Task requirements ::
Could the lines from the top of the material to the line that contains "Ghostrunner: Winter Pack artwork" be retyped exactly, both included and pictures omitted?

Exercise data ::
###
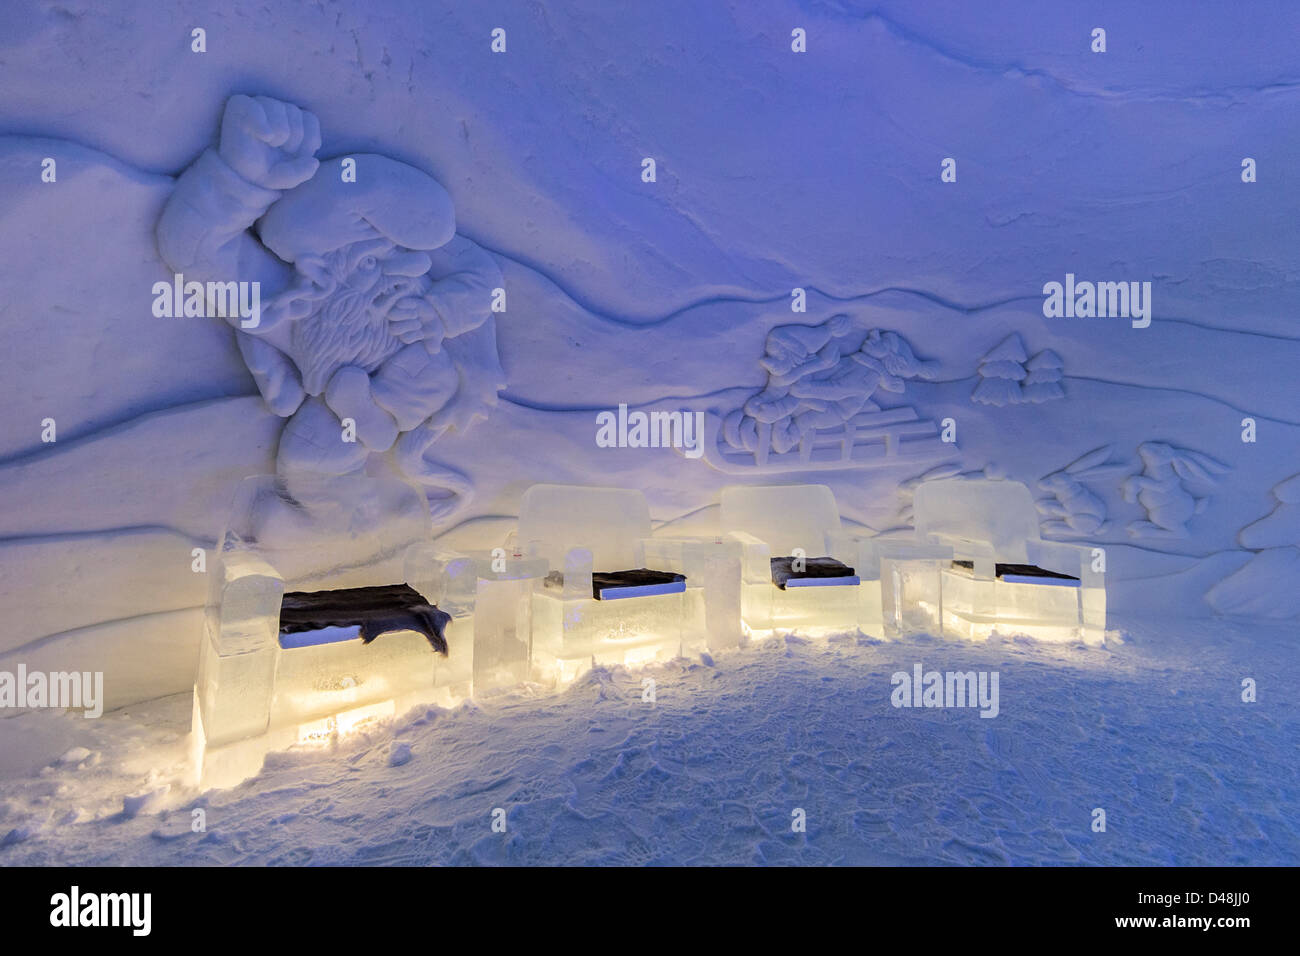 Interno del Kirkenes Snowhotel, Norvegia, mostra di mobili realizzati da sculture di neve e ghiaccio sulla parete Foto Stock
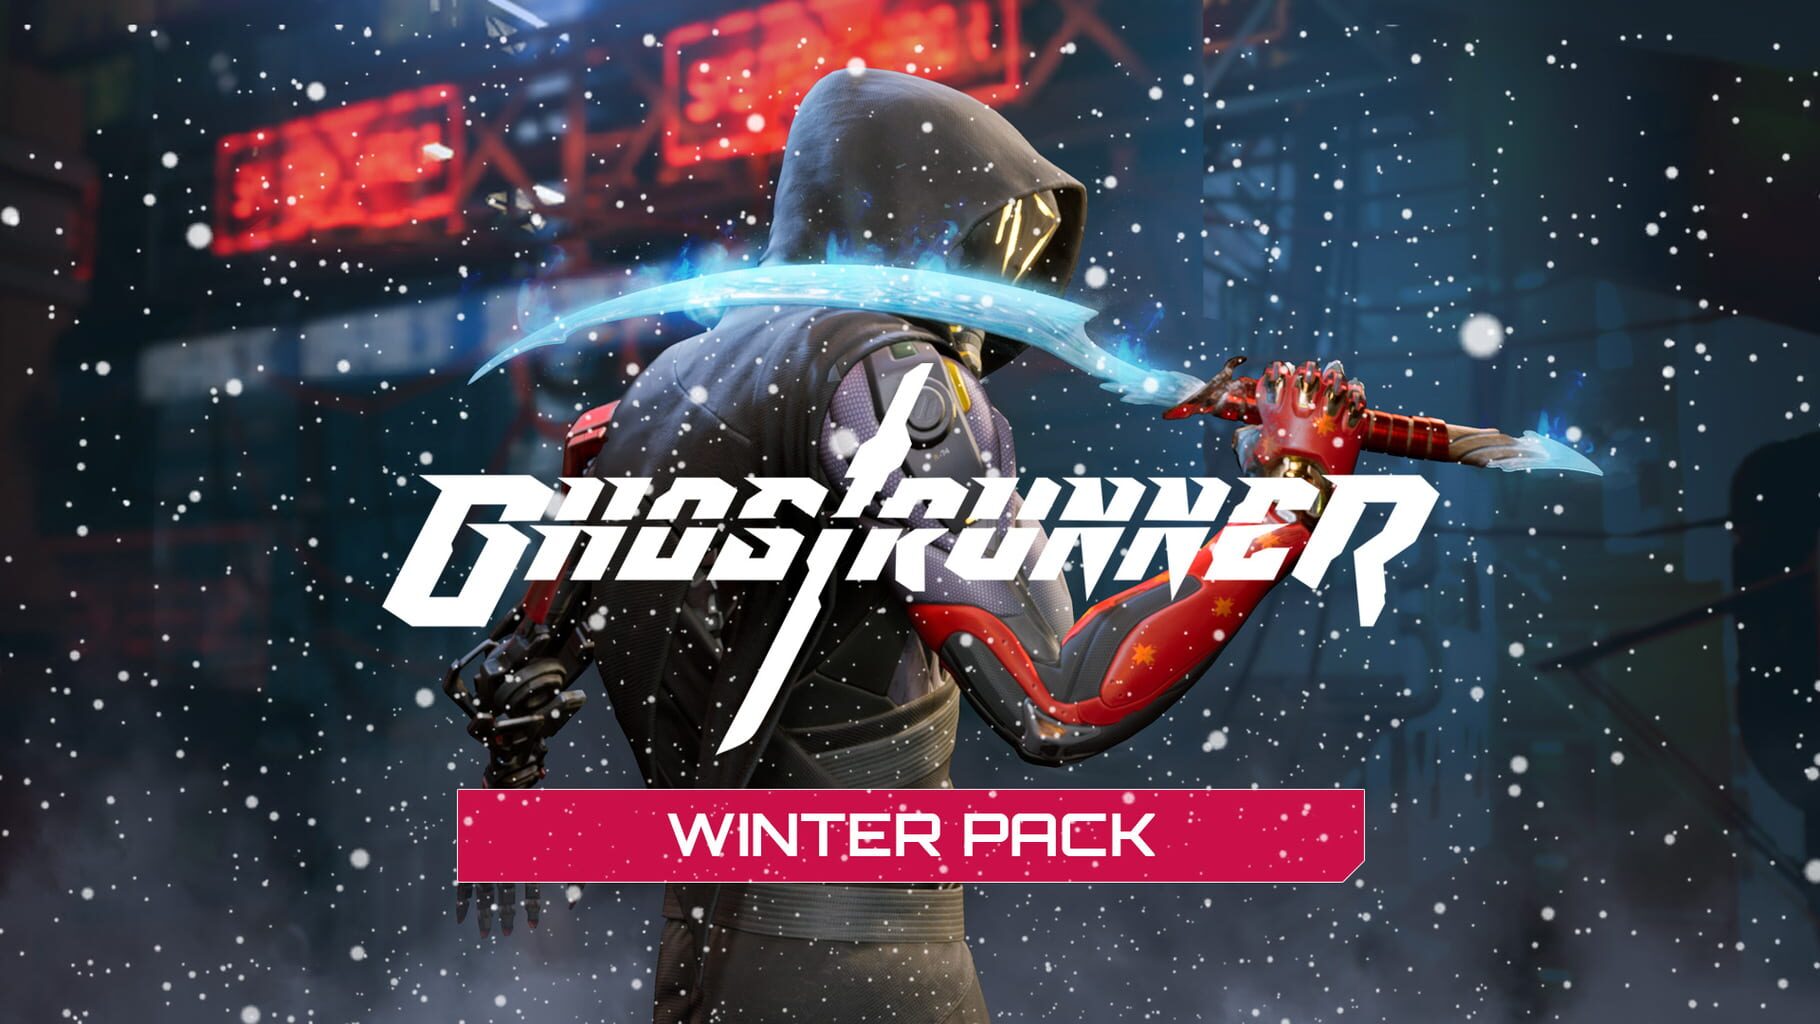 Ghostrunner: Winter Pack artwork
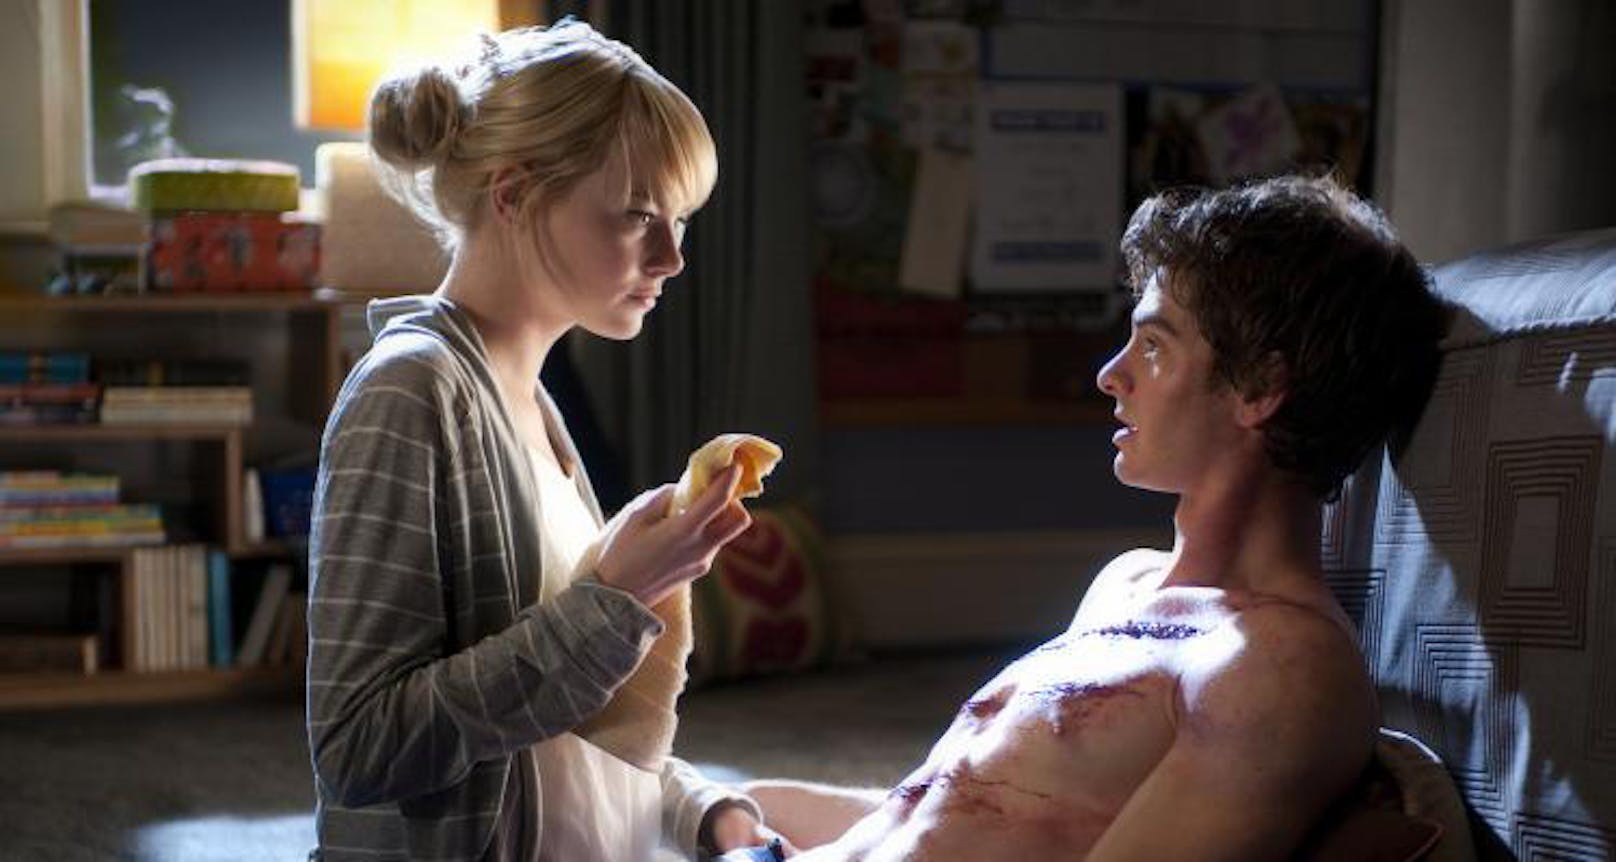 In <em>"The Amazing Spider-Man"</em> steht Oscarpreisträgerin <strong>Emma Stone</strong> als Gwen Stacy ihrer großen Liebe Peter Parker (Andrew Garfield) bei.<br>
###
Response area ::
 Interno del Kirkenes Snowhotel, Norvegia, mostra di mobili realizzati da sculture di neve e ghiaccio sulla parete Foto Stock
 Ghostrunner: Winter Pack artwork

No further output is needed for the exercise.